# Implement queue using stack

In last post, we learned about stack data structure, in this post, we will discuss another data structure called queue. However, __problem at hand is to implement queue using stack.__ Implement following functions on queue using stack

1.

*push()*: inserts element at the back of queue.

2.

*pop()*: removes element from front of the queue.

3.

*peek()*: return element at front of the queue.

4.

*empty()*: returns true if there is no element in queue.

Keep in mind that you can only use standard stack operations : push(), pop(), peek() and empty()

Stack is data structure where the element which is entered at `top` is taken out from `top`. It’s called LIFO pattern. Oppose to that queue is a FIFO data structure, where elements are entered at the `rear` and taken out from `front`. So effectively, we have to implement a FIFO data structure using LIFO data structure.

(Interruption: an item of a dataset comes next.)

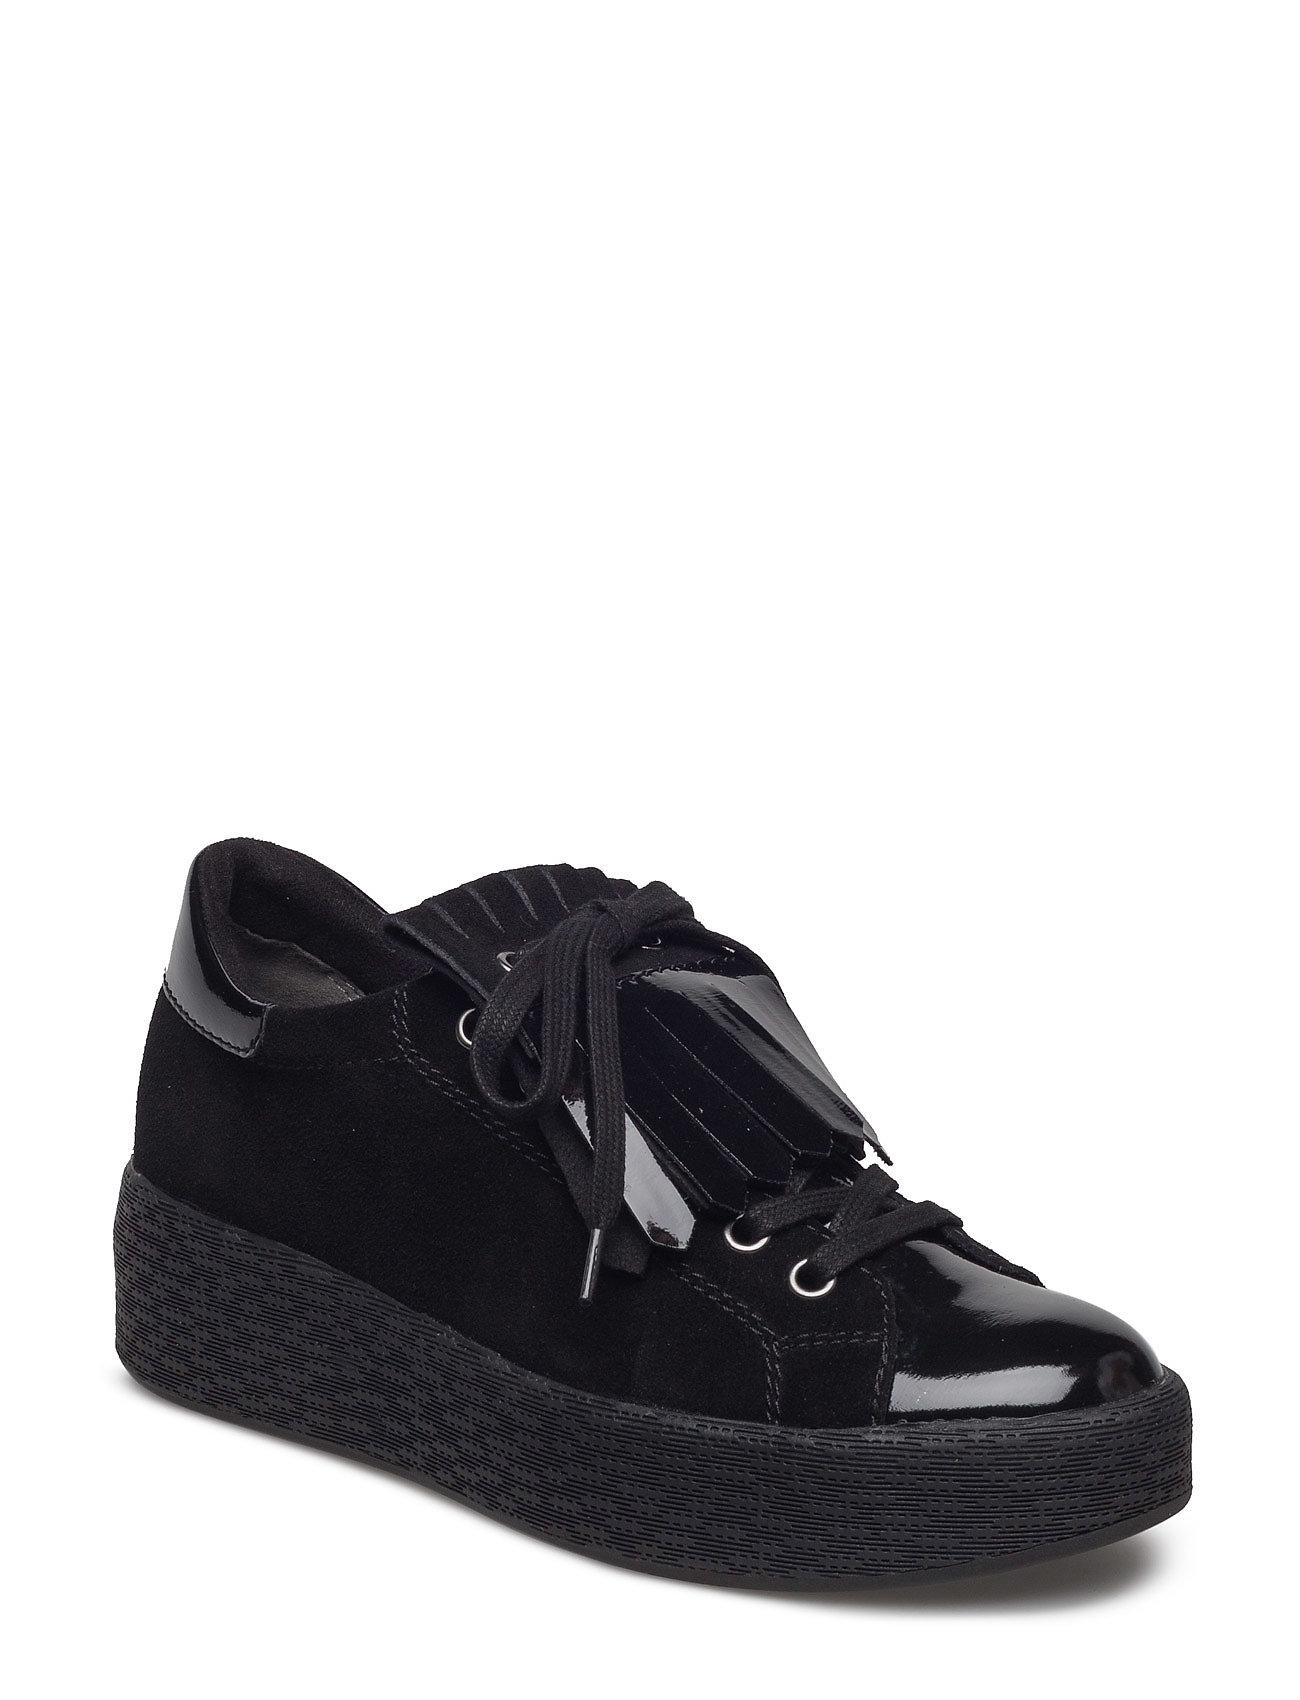 Woms Lace-Up Tamaris Sneakers til Damer i Sort

## Implement queue using stack : Line of thoughts

To implement a FIFO using LIFO data structure, we need two stacks.

**Push()**

When element is inserted i.e `push()`

operation, new element has to be pushed down the stack at bottom, as this should be the last element to be popped. So, to push an element in queue, we will take out all existing elements from stack `s1` and put them into stack `s2`. Now, push the new element on to stack `s1`. At last, pop all elements from stack `s2` back to stack `s1`. Below picture shows what happens when you we push 3 to queue and what happens behind the scene using stacks.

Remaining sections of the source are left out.